Tomorrow I'll let you know which one we chose and the next design steps.

Part 1: Initial Sketches
Part 2: Researching Insect Flight

Part 3: Maquette

Part 7: The Painting


Jérôme Alvarez said...

I'm from Nantes, and your vision of the city is great !
I hope to see you at the Utopiales...
Your blog is a real encyclopedia of painting and drawing !

James Gurney said...

Thank you, Jérôme! I am looking forward to visiting Nantes and maybe seeing a little of Brittany. During the festival, there will also be an exhibition of Dinotopia: "Return to Dinotopia" Exhibition

Matthew Gauvin said...

wow! I can't believe these are just the color comps. They look like they could be the finished art.How long do each of these take to paint not including the sketch adn research stage?

Mario said...

excellent color sketches, all three have strong points, although my favourite is the first.

James Gurney said...

Thanks, guys. Matthew. These oil sketches are 3.5 inches square, and they took about three or four hours each. I did a little pencil drawing first on the illustration board before painting.

jeff jordan said...

I love how everything balances out both tonally and colorwise in the second one--that one's like a visual poem to me.
Do I win a Dinotopia map if I choose the one you're going to use?

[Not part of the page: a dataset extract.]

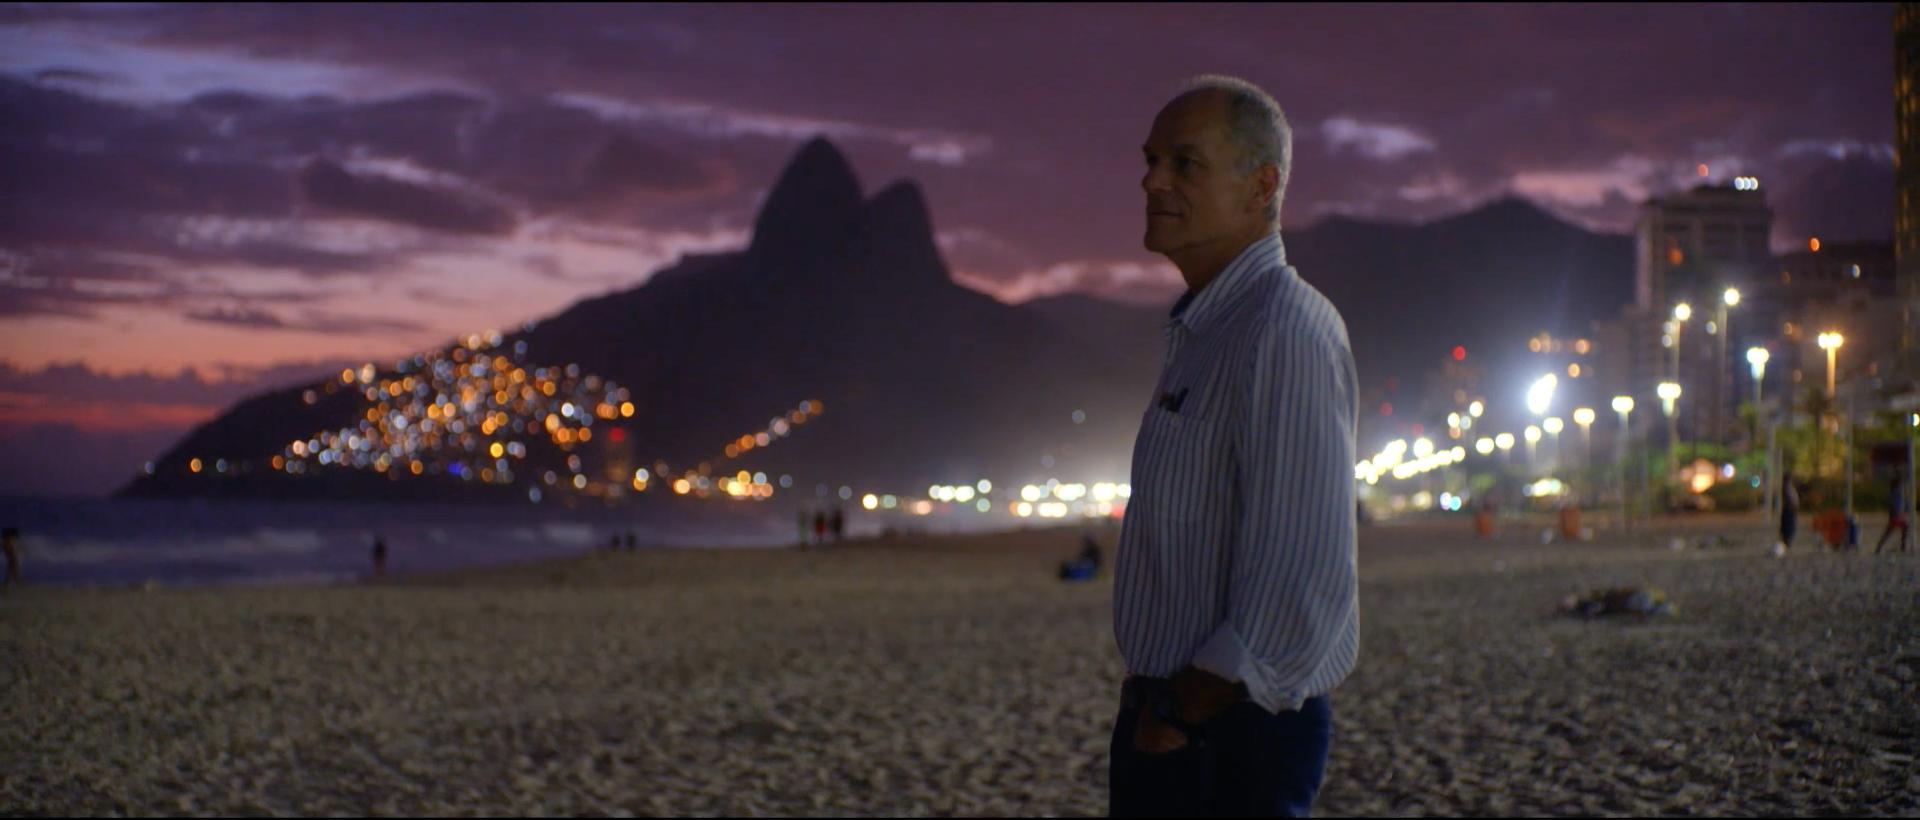 Marcelo Gleiser at Copacabana Beach, in Rio de Janeiro, Brazil

Can't wait to see the finish!

Unknown said...

Just Awesome Jim!!!!! I like the 3rd

Erik Bongers said...

I hope they'll retain the black 'framing', as it really makes these paintings jump out.
As an artist you always secretly hope that the client will pick out the thumb you prefer yourself, but if I had made these three ones, I'd work out the non selected two as well, just for my own pleasure!

I can't help to think about Francois Schuiten again when I see these thumbs.

Steve said...

I'd go with the second one. It seems to evoke the era and the giant cicada isn't quite as overwhelming. To me, it has the interspecies collaborative spirit of the Dinotopia books. Of course, with all three I'm amazed that so much energy is transmitted in such a tiny square.

Jesse said...

My vote would be for the 2nd or 3rd, mainly because the time of day could lead to some interesting color development. I really like the background colors of the third. It almost gives a Monet sort of feeling!

Although I may like the "bug" of the first one the best.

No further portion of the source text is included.